PeteCarroll's presence can be felt throughout the Seahawks' camp -- from the music that blares from loudspeakers during practice to the agility drills during warmups to the slogans on the scoreboard and T-shirts.

The most prominent is "ALWAYS COMPETE," which is the essence of Carroll's approach to turning around a franchise that has produced only nine wins over the past two seasons. It's also how he plans to silence critics who doubt whether he can succeed in the NFL after being fired in his previous two stints, first with the Jets, then the Patriots.

His approach is definitely player friendly. The schedule includes no back-to-back two-a-days and an off-day after only four days. "I think [left guard] Ben Hamilton almost gave Pete a kiss on the lips.," QB Matt Hasselbeck says of the day off. "That day off was huge. It's so rare that a coach would trust his team by giving them the day off, during training camp, in your home city, where everyone already lives and downtown Bellevue is as cool and exciting of a city with its bars and restaurants. Not only that, but he gave us the night off the day before and the next day."

It's little wonder that when players say "Camp Carroll," a smile crosses their face.

1.Hasselbeck is in the final year of his contract and looks like someone prepared to cash in, despite turning 35 in September. He reported to camp leaner and more focused and quickly squashed talk of a quarterback controversy after Carroll traded for Charlie Whitehurst in March, then signed the former San Diego backup to an $8 million, two-year contract. Carroll wanted to send a message to the team that each player -- even the entrenched quarterback -- would have to earn his job. But a competition between Hasselbeck and Whitehurst never materialized. The only battle at this point is between Whitehurst and former Buffalo first-round pick J.P. Losman, whom observers contend has the early lead for the backup position.

2. For a coach who loves diversity, Seattle's running backs sure seem homogenous. All of the backs are relatively small, with quickness ranking among their chief attributes. The personnel staff will look for a bigger, grinder type back when teams begin making roster cuts. Quinton Ganther provides some pop, but he might be better-suited for fullback. Justin Forsett has been impressive -- and stood out the last month of the 2009 season -- but at 5-foot-8, 198 pounds there are questions about durability. Julius Jones (5-10, 208) lacks Forsett's suddenness, and newcomer Leon Washington (5-8, 203) is coming off a serious leg injury. Seattle thought it had a solid complement in LenDale White, but he was released on May 28 for various reasons (five weeks after being cut he was suspended for four games by the league for violating its substance-abuse policy).

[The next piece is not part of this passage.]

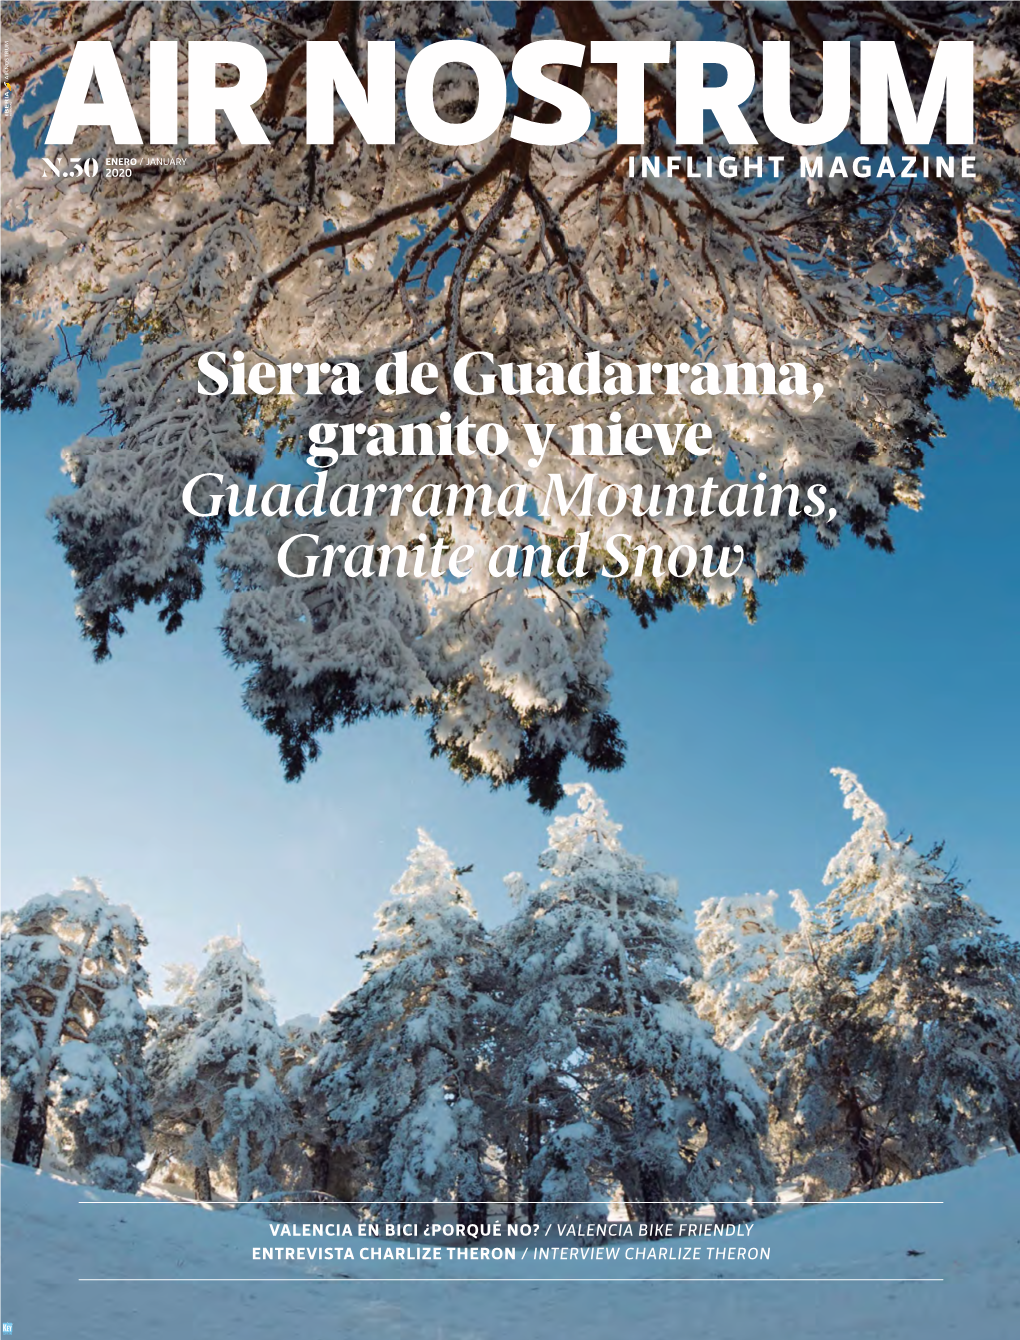 Sierra De Guadarrama, Granito Y Nieve Guadarrama Mountains, Granite and Snow

"I've always like complementary backs, different style guys," says Carroll. "We love the physical nature of the running game, so it's nice to have that type of big back. Ganther has been running really good for us and has that physical presence. He's tough and might give us that little change of style type thing. ... But I really like this position group. When Leon is ready to go [Aug. 16 is a tentative target date] and can throw his hat in the ring, I think this is going to be a very strong group. Julius has just done a marvelous job, and Justin has done a marvelous job."

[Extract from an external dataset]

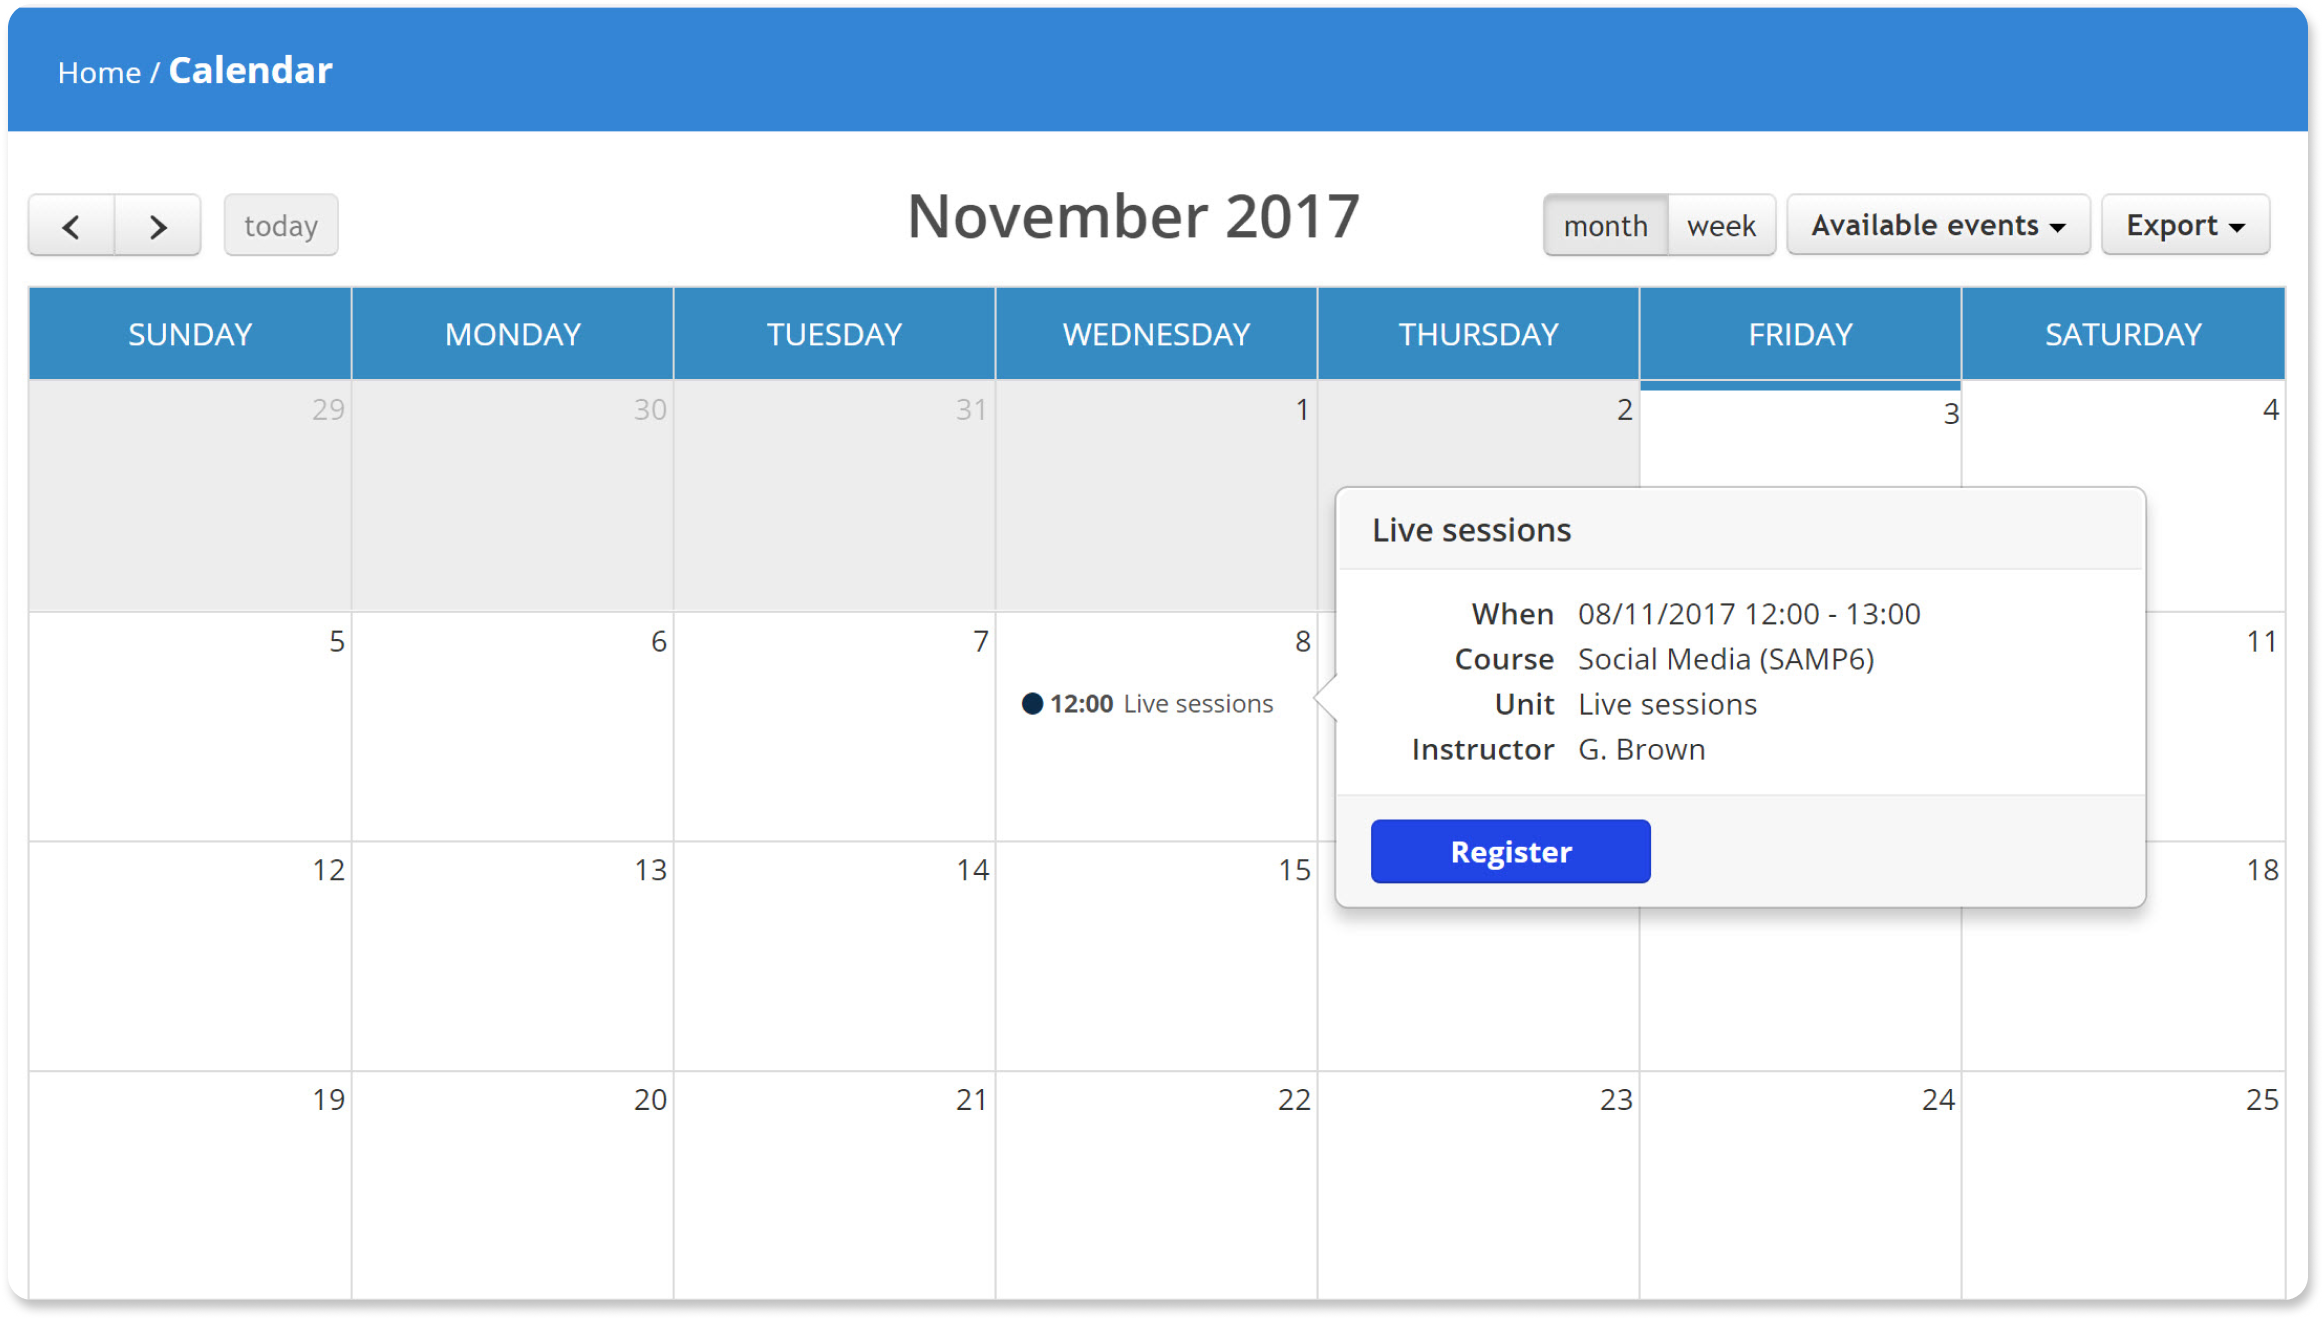 User Register To ILT Event From Calendar - TalentLMS Blog

3. Wideout T.J. Houshmandzadeh led the team in receptions (79) and yards (911) last season after leaving Cincinnati as a free agent, but the longtime Bengal took a lot of heat for not having the impact that he and others anticipated. Houshmandzadeh's response: "They didn't throw me a lot of balls when the game mattered. Go count the attempts to me when the game mattered -- first-half attempts, then second-half attempts. Big difference. "

According to Stats Inc, Houshmandzadeh had 41 catches in the first half and 38 after halftime.

"Me and [former coach Jim Mora] talked about it; he said it was the protection and things like that. But I don't know. I don't really talk to coaches about that because I don't want to come off as I'm demanding the ball. Me and Matt talked about it. He said, 'I talked to them, too. I don't know why it's like that.' "

According to Stats Inc., Houshmandzadeh was targeted 38 times in the team's wins and 97 times in their losses. Forty-eight of his catches occurred when the team was losing. Make of the numbers what you will, but Houshmandzadeh says he will be more of a factor this season. He is still getting up to speed after missing all of the offseason workouts while recovering from hernia surgery, but he says it's just a matter of time before he and Hasselbeck are clicking.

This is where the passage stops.